Il suo sesto senso funzionava in maniera impeccabile. Mamoru sospirò impercettibilmente mentre buttava giù il boccone, pronto a sentire di cosa si trattasse. Davanti a lui, l’uccellino aveva la solita espressione innocente e candida.
“Sì, se posso esservi d’aiuto…” disse e alla Fiamma cominciò ad andare di traverso la cena. Come al solito, quel dannato piccione concedeva la sua disponibilità senza pensarci su due volte.
Mastro Koji poggiò le posate nel piatto, levando con decisione lo sguardo. Stavolta, al posto del solito entusiasmo, Mamoru vi scorse una nota più triste.
“Ecco, io… avrei una figlia.”
Stavolta il boccone gli andò di traverso sul serio, tanto che si mise a tossire, spezzando la conversazione. Hajime versò subito dell’acqua che la Fiamma buttò giù d’un sol fiato.
Per un attimo, quella frase detta dal capo villaggio gli era sembrata quasi il principio di una proposta di matrimonio. E come gli era venuto in mente non volle nemmeno saperlo.
Yuzo, diversamente da lui, era felicissimo della cosa. Di sicuro non aveva avuto il suo stesso pensiero, Mamoru ne era convinto al cento per cento.
“Ha undici anni e ha sempre… sempre desiderato divenire una Sacerdotessa Elementale dell’Aria.”
Ora, la Fiamma s’era fatta improvvisamente più attenta e seria. Succedeva sempre così quando sentiva nominare quella maledetta casta di fanatiche.
Il volante, invece, allargò il sorriso, come se per lui non ci fosse nulla di male, anzi, sembrava davvero interessato, ma il capo villaggio non aveva ancora terminato.
“Purtroppo, la sua salute cagionevole non le permette di poter lasciare Sendai.”

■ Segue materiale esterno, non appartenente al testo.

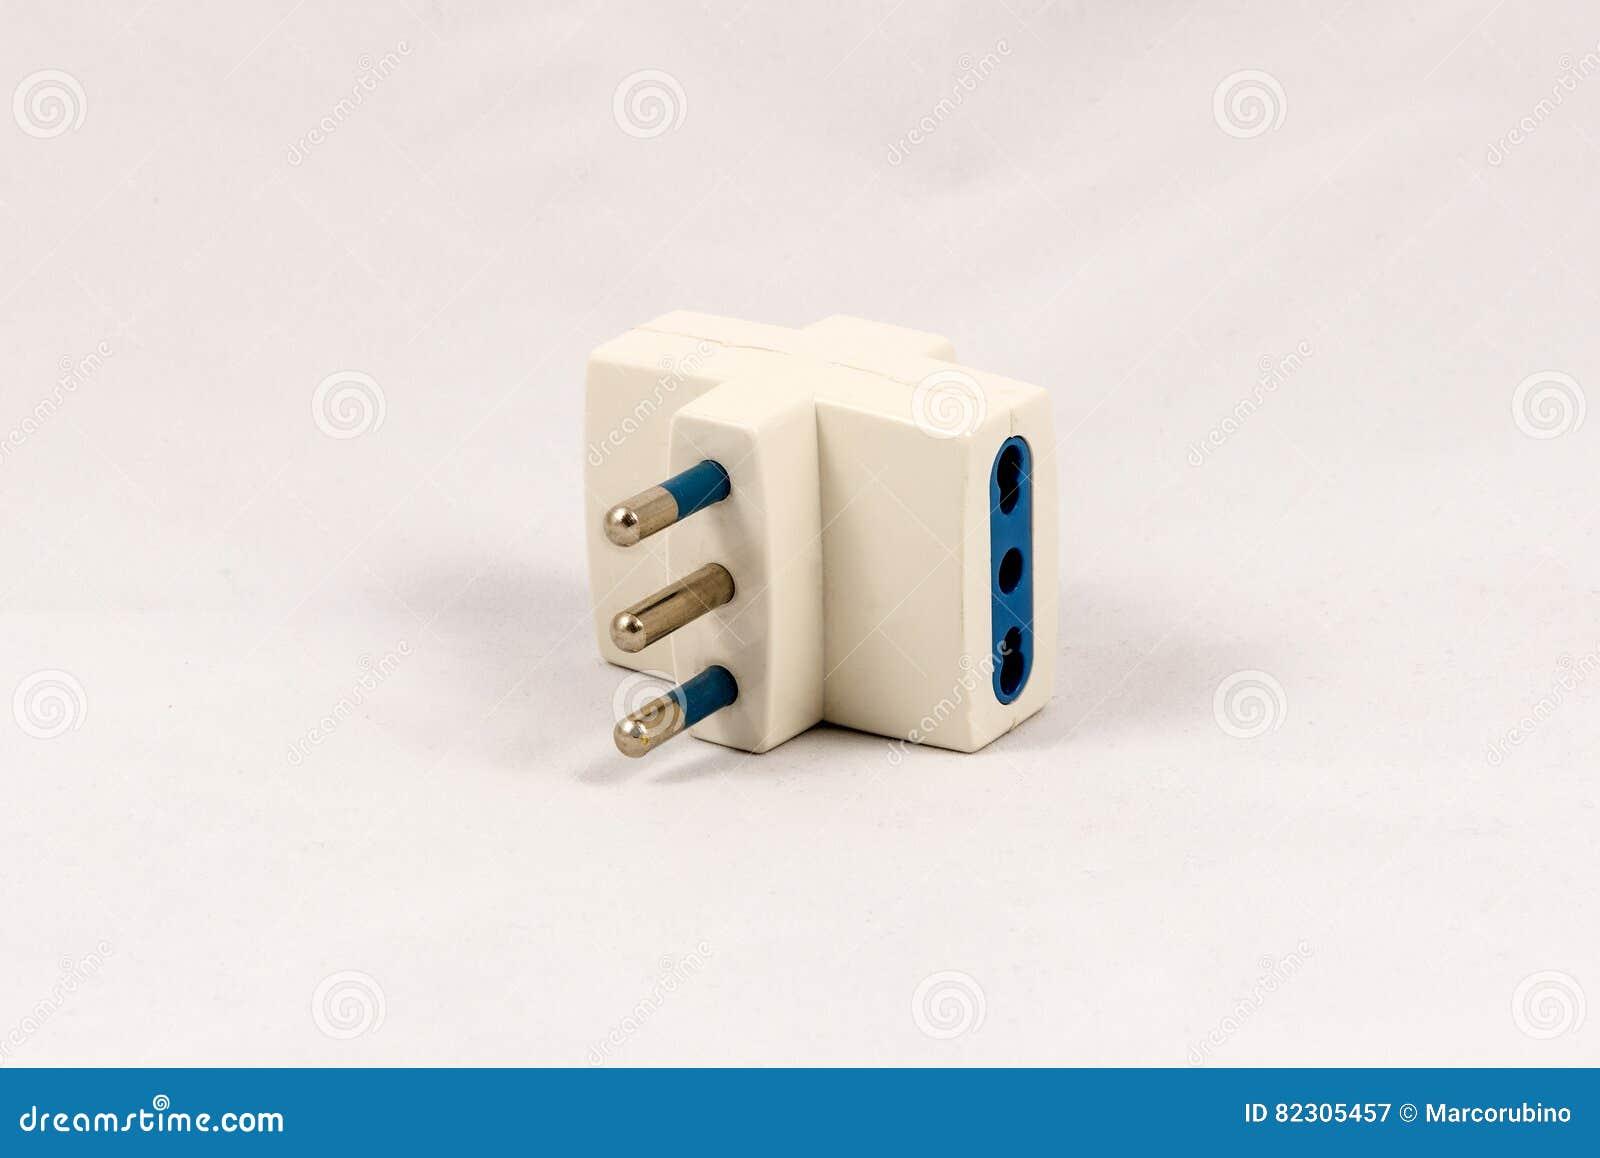 Three Way EU Electric Plug Adaptor Stock Image - Image of pins ...

Di colpo, tutto l’entusiasmo che Mamoru aveva letto sul volto di Yuzo si dissolse come se un improvviso colpo di spugna l’avesse cancellato. Le labbra persero la presa sul sorriso che scivolò e scomparve, lasciando, al suo posto, un’espressione dispiaciuta.
“Oh…”
Anche la serietà della Fiamma mutò, stemperando la durezza.
“Per questo volevo chiederti se… se non ti spiacerebbe farle visita. Ovviamente non devi sentirti obbligato, ci mancherebbe! Mi rendo conto che sarai impegnato con i tuoi compagni per cercare il Principe, e se non fosse un caso estremo non te lo avrei mai chiesto, però… so che a lei non resta molto e so che non avrà una seconda occasione di poter vedere un vero Elemento d’Aria. Per questo, ti chiedo: potresti parlare un po’ con mia figlia?”

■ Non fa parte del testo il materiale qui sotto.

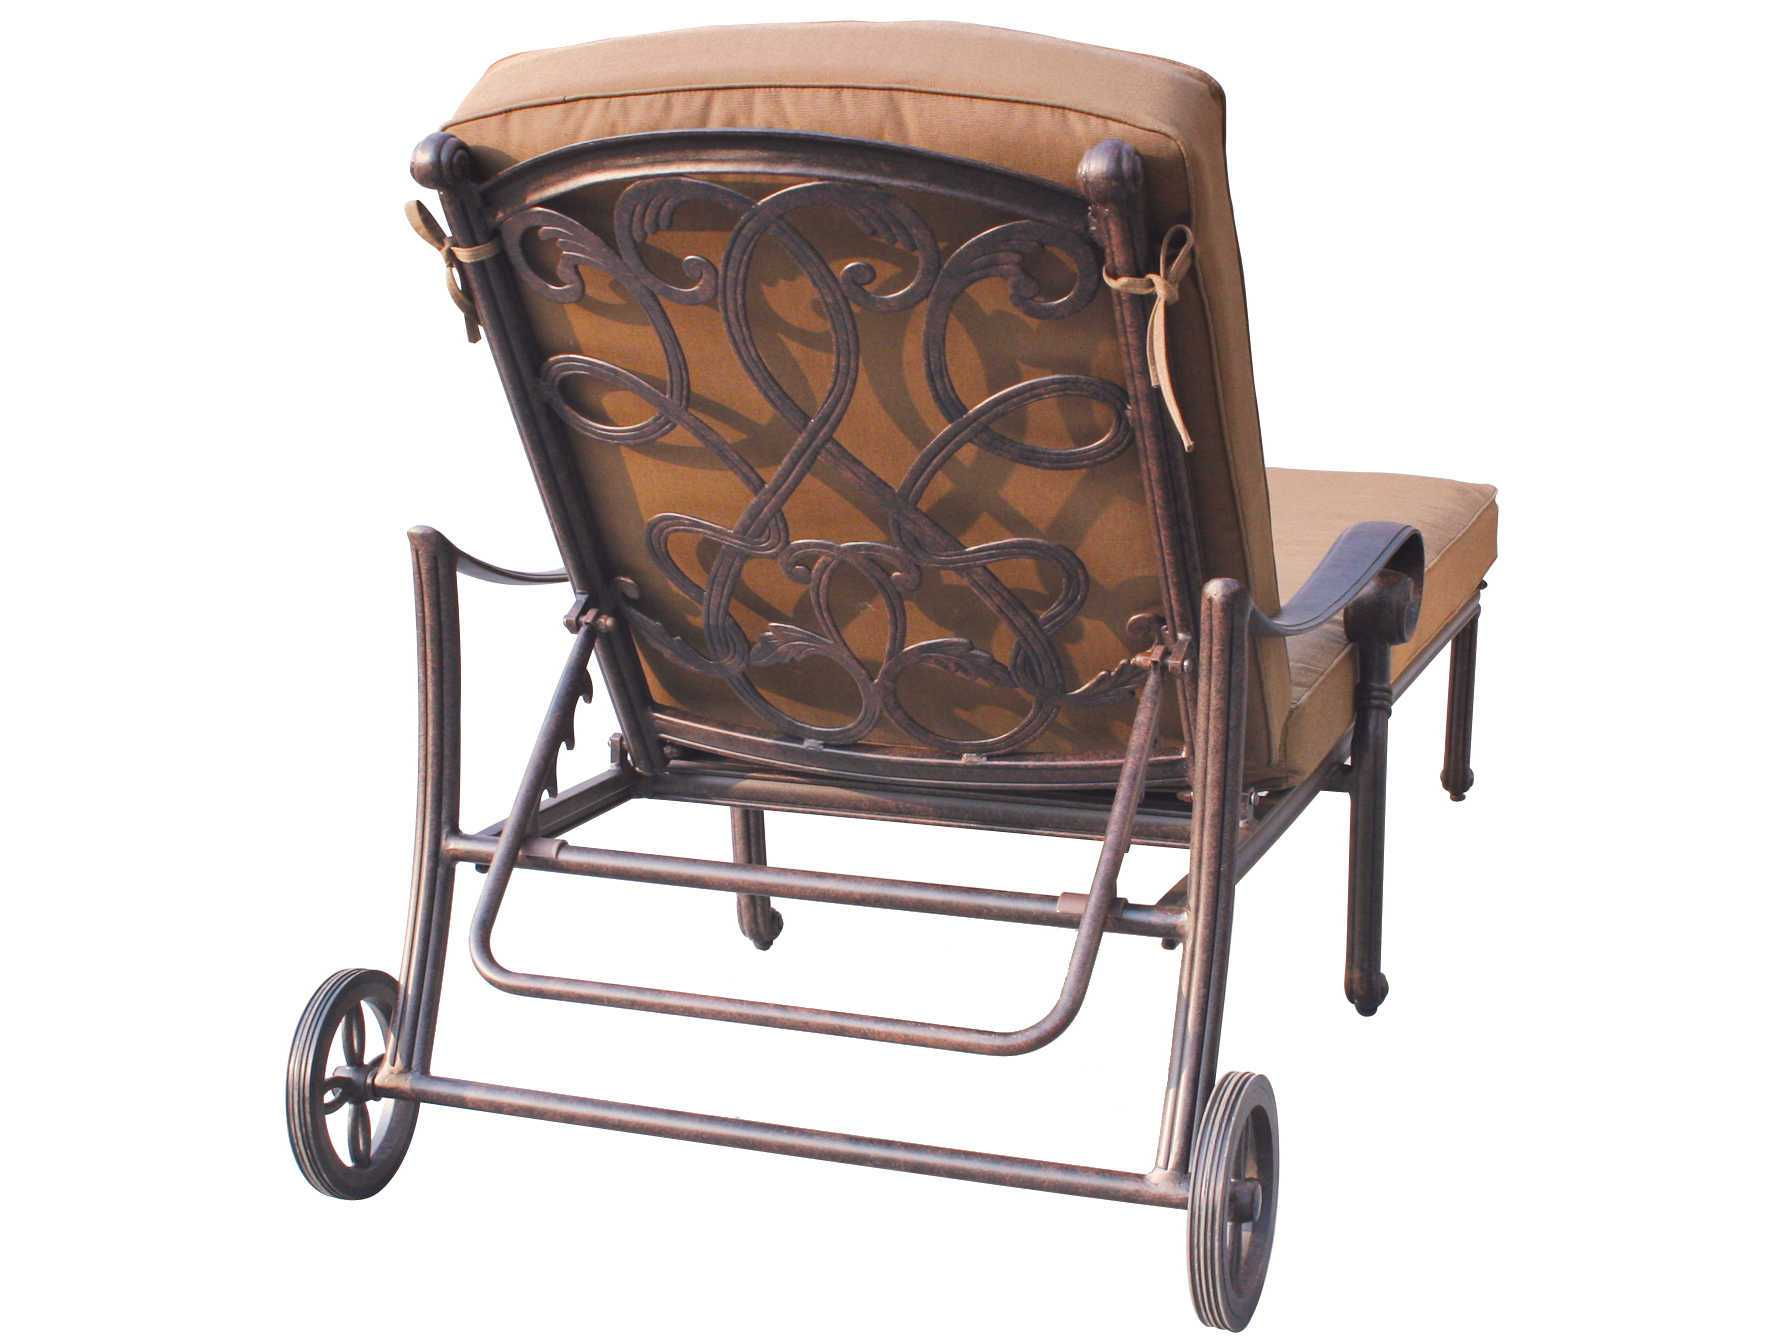 darlee outdoor living standard santa monica cast aluminum antique bronze chaise lounge dl2052 33. Black Bedroom Furniture Sets. Home Design Ideas

“Ma certo!” Yuzo gli rispose con foga. Poi, improvvisamente, si volse a cercare lo sguardo di Mamoru, con apprensione. “Perché posso… vero?”
La Fiamma spalancò gli occhi.
Voleva il suo permesso?!
Adesso?!
Con tutte le volte che si era raccomandato, quel dannato volante andava a cercare il suo consenso nell’unico momento in cui non ne avrebbe avuto bisogno.

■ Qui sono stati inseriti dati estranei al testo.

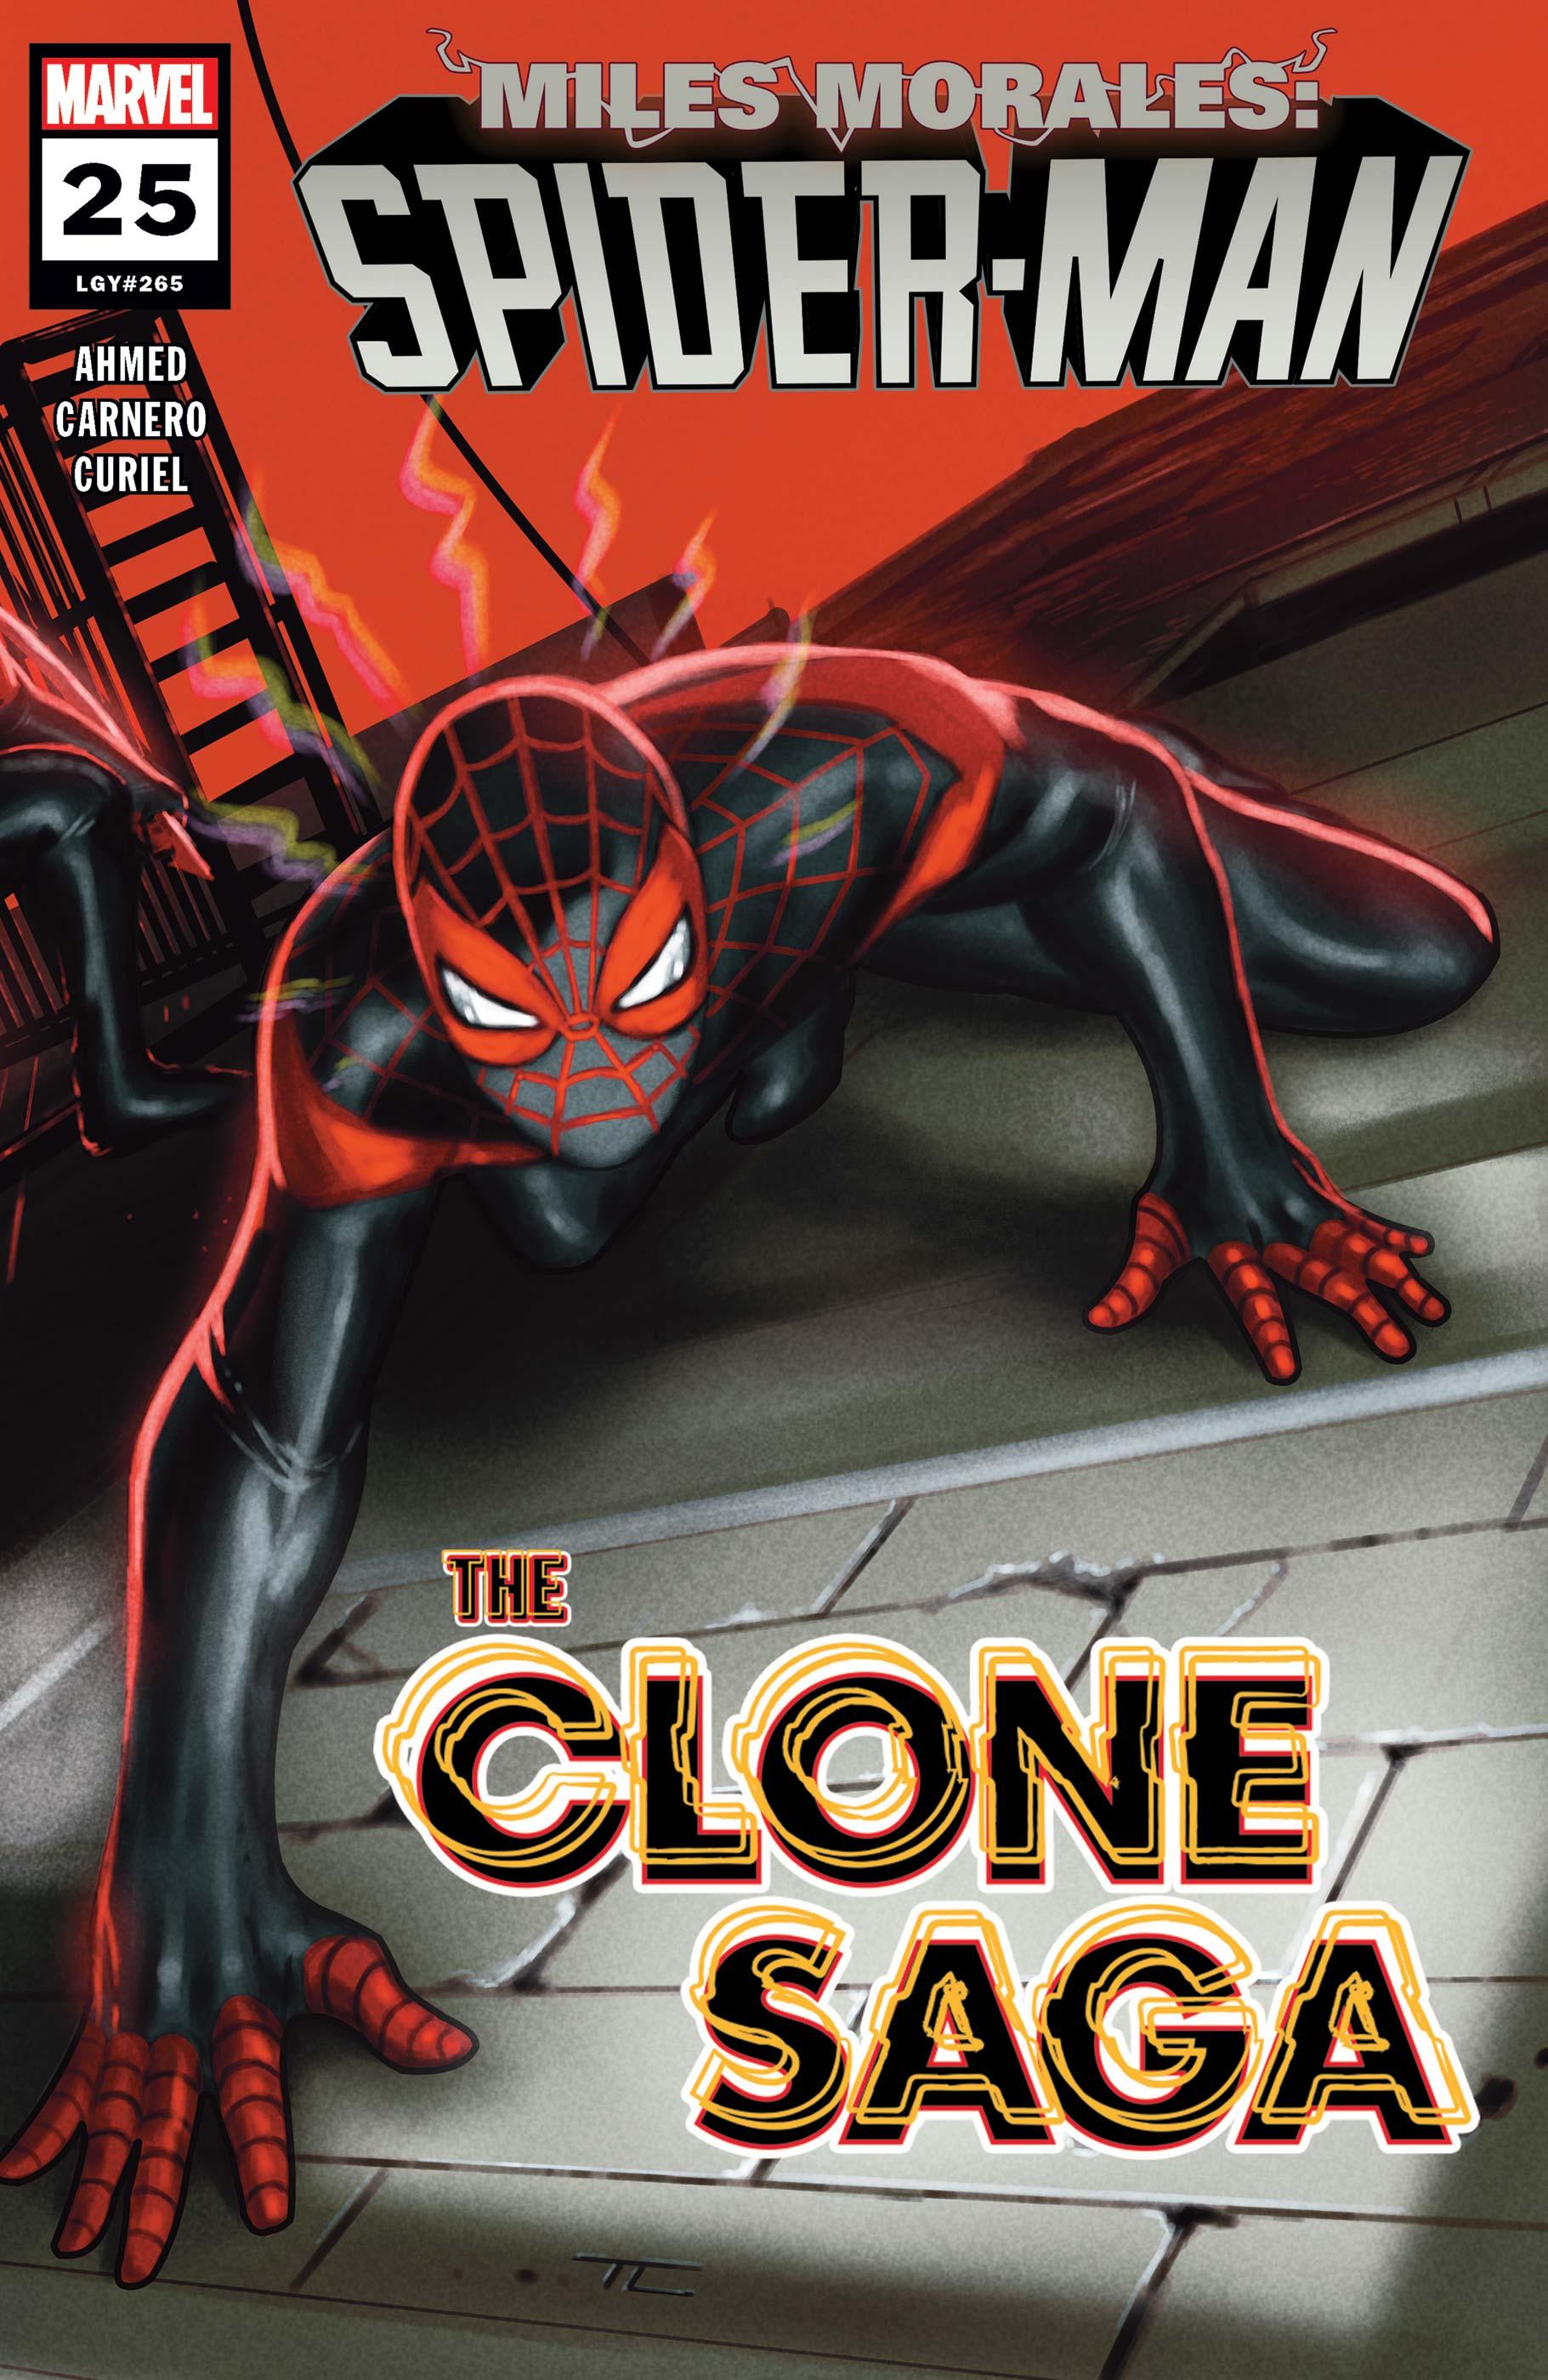 Miles Morales: Spider-Man (2018) #25

Ruotando gli occhi con noia gli fece capire che era ovvio che potesse farlo, che diamine!, non era mica un mostro senza cuore.
L’uccellino si illuminò a quel suo ‘sì’ silenzioso, sorridendo nuovamente con entusiasmo, tanto da lasciare la Fiamma con un sopracciglio inarcato sull’espressione rassegnata. Ormai era palese, come era stato quando si trovavano a Sundhara: per quanto avrebbe tentato di cambiarlo o di renderlo più simile a ciò che lui avrebbe voluto che fosse, avrebbe sempre fallito, perché Yuzo sarebbe rimasto il solito, stupido volante.
“Sarò più che felice di poter parlare con lei, Mastro Koji” confermò proprio quest’ultimo e il capo villaggio poté sciogliere la tensione in un’espressione di profonda gratitudine.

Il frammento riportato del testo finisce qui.